Je crois qu’ils vont participer à cet appel d’offres. Mais le montant proposé ne sera pas celui que la Ligue espère. Je connais bien DAZN, ce qu’ils ont fait en Espagne avec 5 matchs par journée, ça sera différent en France. En Italie, ils ont disputé l'appel d'offres avec Sky… L’offre était loin de ce que la Serie A attendait. Je ne vois pas pourquoi en France ça serait le contraire. Les modalités de l’appel d’offres sont différentes sur le territoire français. Si j’ai bien compris il y a un paquet de 7 ou 8 matchs. Le problème de ce paquet reste les horaires. C’est surtout pour permettre à un diffuseur important de mettre le paquet sur le prix. Je crois que maintenant ce type de paquet n’est pas fonctionnel. Il faut mener des discussions avec les acteurs. En Espagne, DAZN a 5 matchs avec des horaires différents et chaque semaine ils ont le Real Madrid ou le Barça. Si un diffuseur important entre pour acheter les meilleurs matchs en France, le reste des lots va souffrir.

Vous pensez possible une arrivée d’Apple TV en France pour la Ligue 1 ?

Si Apple fait un chèque pour la Ligue 1, j’invite Vincent Labrune à diner dans le meilleur restaurant de Paris. Je n’y crois pas. Apple paie 250 millions d’euros pour la MLS avec des paramètres qui ne seraient pas possible en Europe.

Vous pensez toujours qu’il y a 3,5 millions de fans de football en France capables de s’abonner pour la Ligue 1 ?

Ça dépend du prix, mais je crois qu’ils existent.

Même Amazon qui possède un prix très bas ne voit pas ses compteurs s’affoler au niveau des abonnements…
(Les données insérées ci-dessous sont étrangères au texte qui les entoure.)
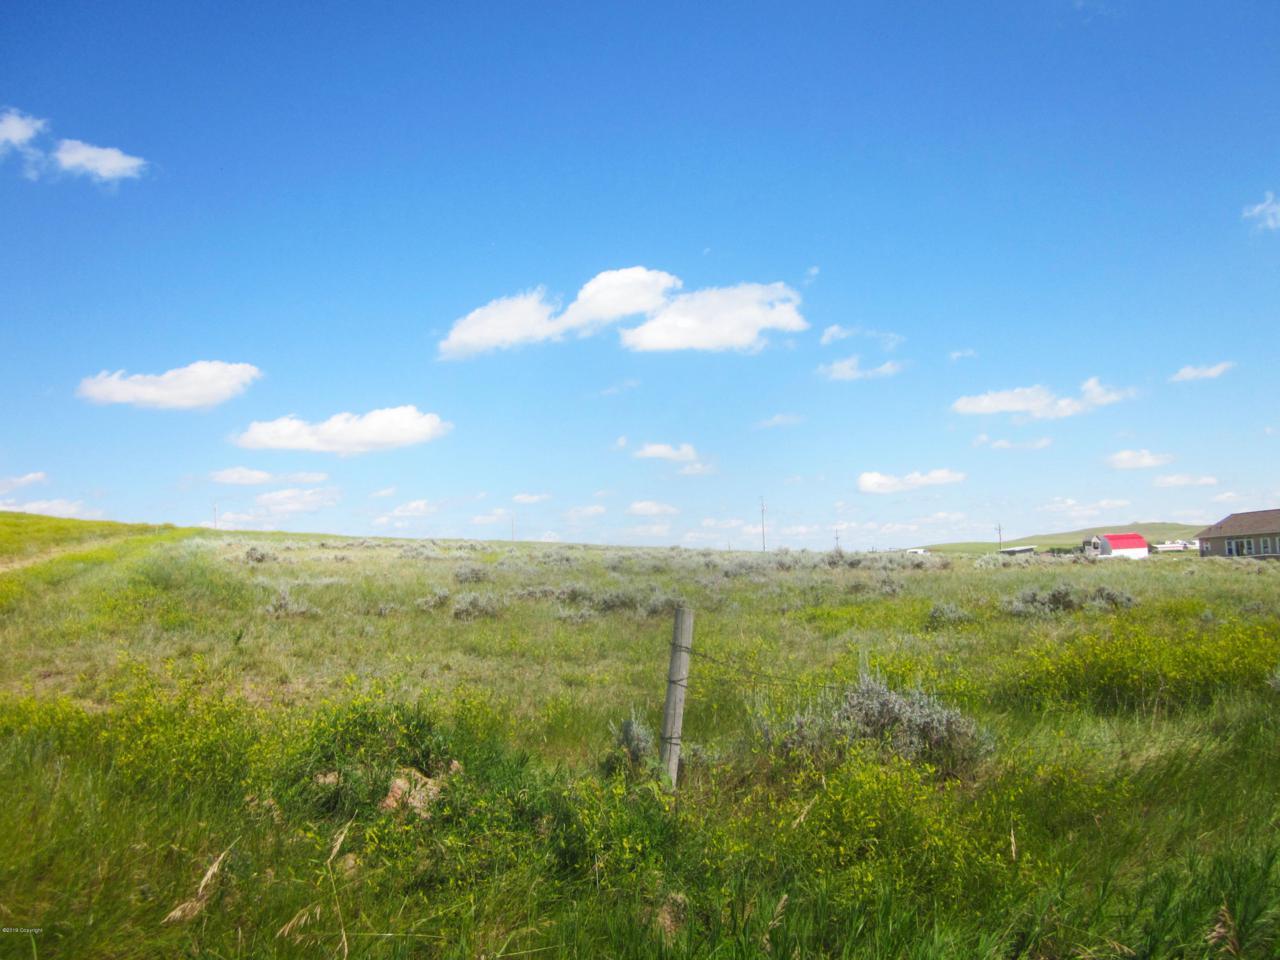 Tbd Prairie St - Photo 1

On ne peut pas arriver, créer une chaîne et avoir 3,5 millions d’abonnés. C’est un processus de travail ensemble, entre la Ligue, les opérateurs et les clubs. Ca dépend de beaucoup de paramètres. Les horaires, les productions, le taux de remplissage des stades… C’est un ensemble de choses. En Espagne, on n’est pas arrivé du jour au lendemain pour faire ce produit. En France, on n’a pas eu le temps de s’installer. Les gens ont oublié qu’il y a eu la pandémie. On est arrivé, le gouvernement a arrêté le championnat. La seule ligue européenne à s’arrêter. On ne peut pas discuter de la situation à ce moment-là sans parler de la pandémie. On a rediscuté nos contrats avec tout le monde en 2020 comme l’UEFA et les autres championnats. Tout le monde a accepté. La durée des contrats joue aussi beaucoup. Les risques et les investissements sont différents d’un contrat de 4 ans et ceux de 5 ou 6 ans. Personne n'explique de façon cohérente pourquoi on ne peut pas faire de contrat de plus long terme. Surtout que ça serait plus avantageux pour les consommateurs.

Vous êtes très présent en Liga. Si Kylian Mbappé rejoignait dans les prochaines années le Real Madrid, ça changerait quoi pour vous ?

Tous les médias font des éditos sur Kylian Mbappé, tous les jours. C’est le meilleur joueur du monde actuellement. Une arrivée en Espagne permettrait de faire augmenter le niveau surtout s’il vient au Real Madrid. Mais je n’ai jamais compris pourquoi on ne parle pas de Mbappé en Premier League. Si tu veux jouer au top, c’est la Premier League. Je ne vois jamais de rumeur entre Mbappé et un club de Premier League. Si on laisse de côté le cas Messi, c’est le meilleur joueur que l’on a actuellement au monde.